Strategy: It seemingly took only an afternoon for Negan to put together a plan to strike back at Rick, formulating a three-pronged attack to take over Alexandria, the Hilltop, and the Kingdom with minimal casualties. Negan, being the clever strategist he is, doesn’t want to waste any lives, as he’s explained in the past how distasteful he finds unnecessary killing when it’s much more resource-efficient to keep people in line and producing for the Saviors. It’s a testament to his wits when he manages to push back against his enemies while hardly wasting a bullet.
Negan-o-meter`™: 8 out of 10
Moving the needle:
While The Walking Dead has taken some generous liberties when adapting its protagonists’ stories, it’s often felt most rigid with regard to its villains.
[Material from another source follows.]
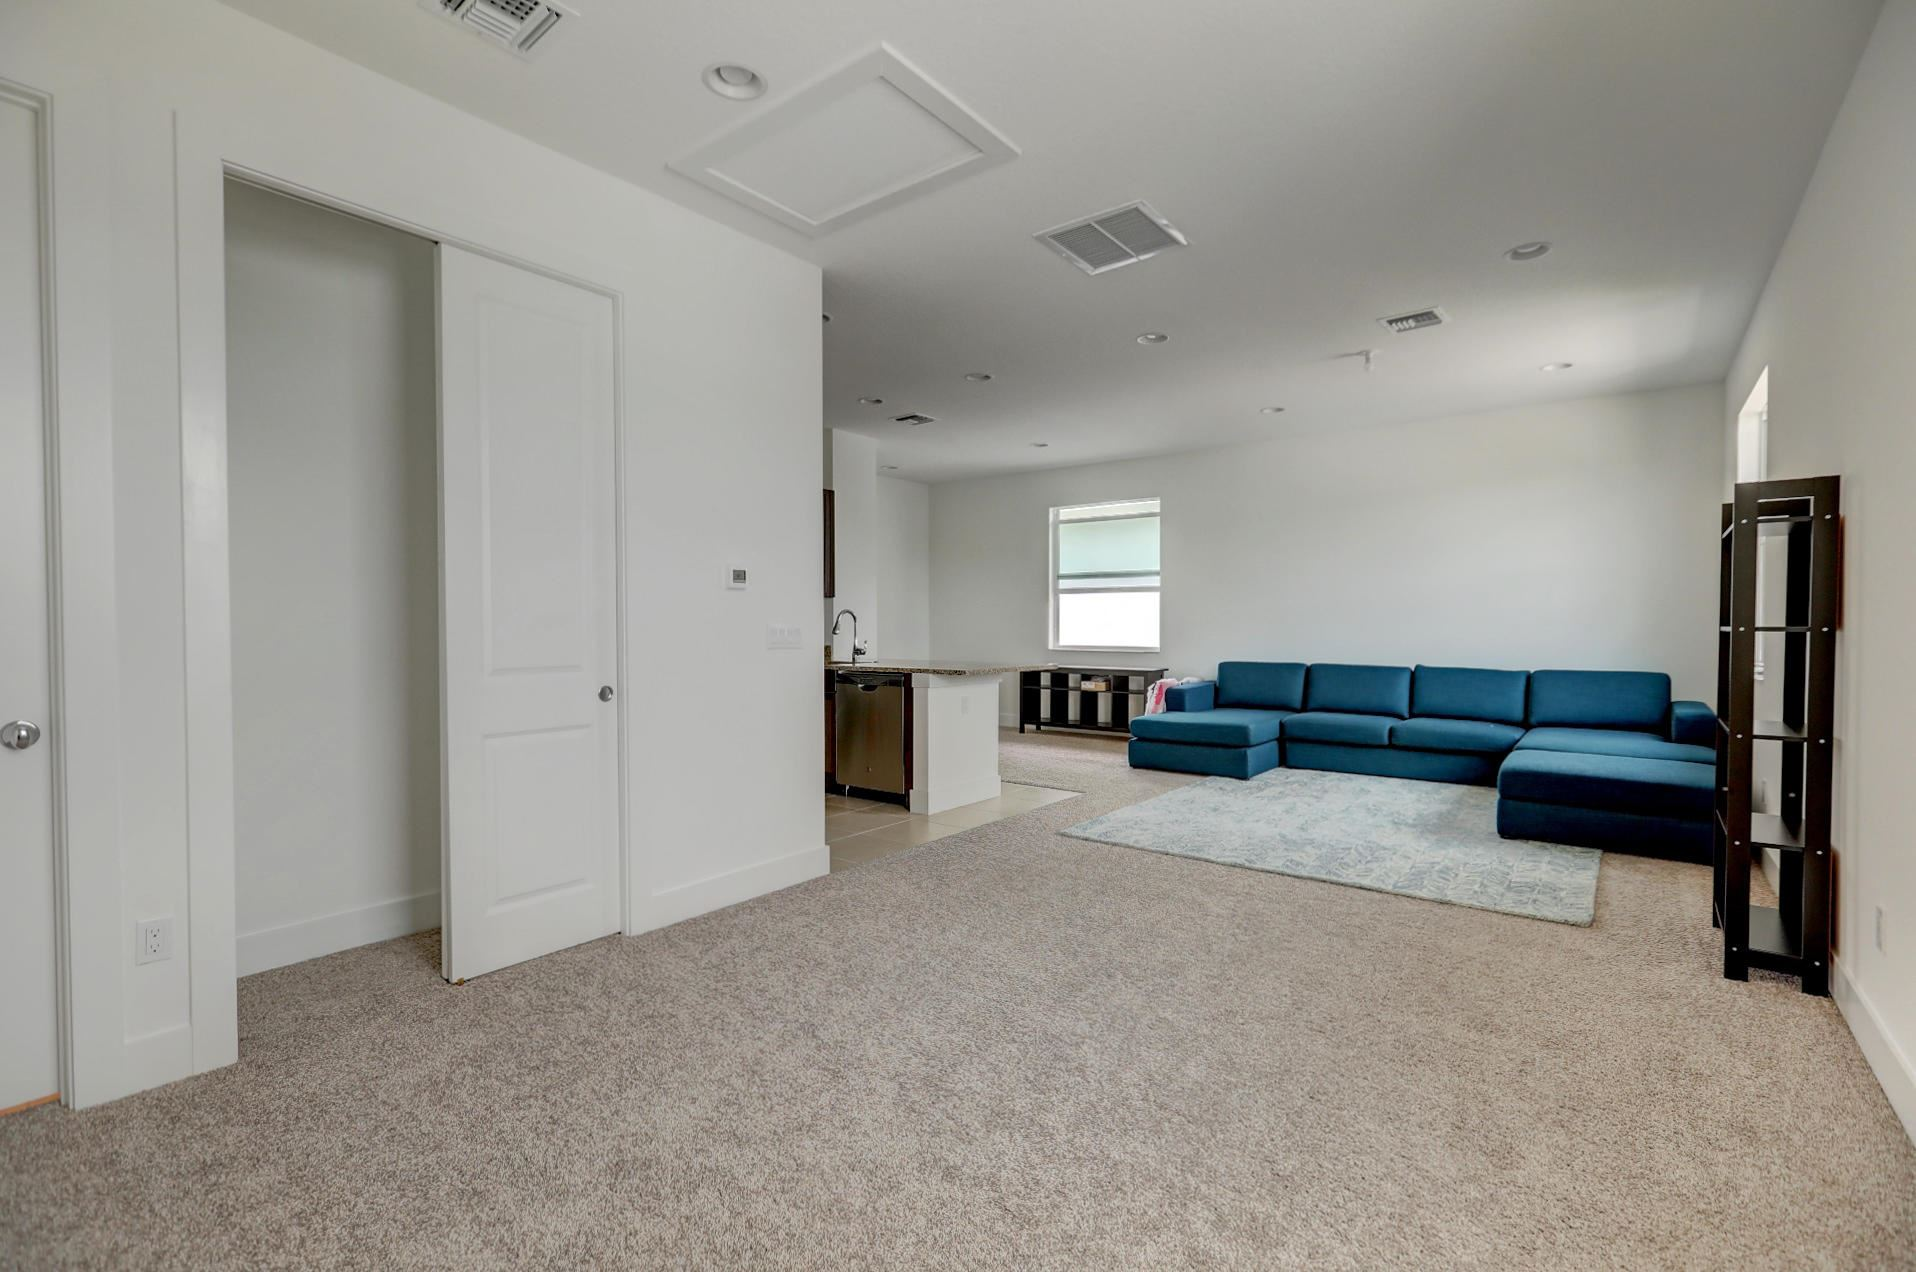 Photo of 13233 Alton Road, Palm Beach Gardens, FL 33418 (MLS # RX-10646962)

That’s made The Governor and his successor Negan feel one-dimensional, without any of the nuance required to make viewers truly despise, relate to, and even admire these characters all at the same time. The little development we’ve gotten so far with Negan this season has been a big step up from last year’s abysmal showing, in which Negan seemed to regress further into comic book stereotypes the longer he remained on-screen. But this season, Negan hasn’t gotten enough airtime to become the villain the show desperately needs him to be. More often than not, he’s been lost between the 10 different inconsequential subplots spanning the show’s three-dozen-person cast.
What’s required now is a Negan-focused departure from the source material that’s as significant as Carl’s death. Many viewers have started to get the inkling that The Walking Dead plans to keep Negan around as part of the ensemble, and that there won’t be a satisfying conclusion to the feud between him and Rick, at least not in the way viewers may be hoping for. The show’s steadfast adaptation of Kirkman’s “All Out War” saga thus far has only made that dreadful narrative decision feel all the more inevitable. Who really wants Negan to stick around until the series’s end? Gimple and AMC have shown they’re willing to go as far as writing off Carl. It would be even more daring to do the same to Jeffrey Dean Morgan, and retire Negan for good.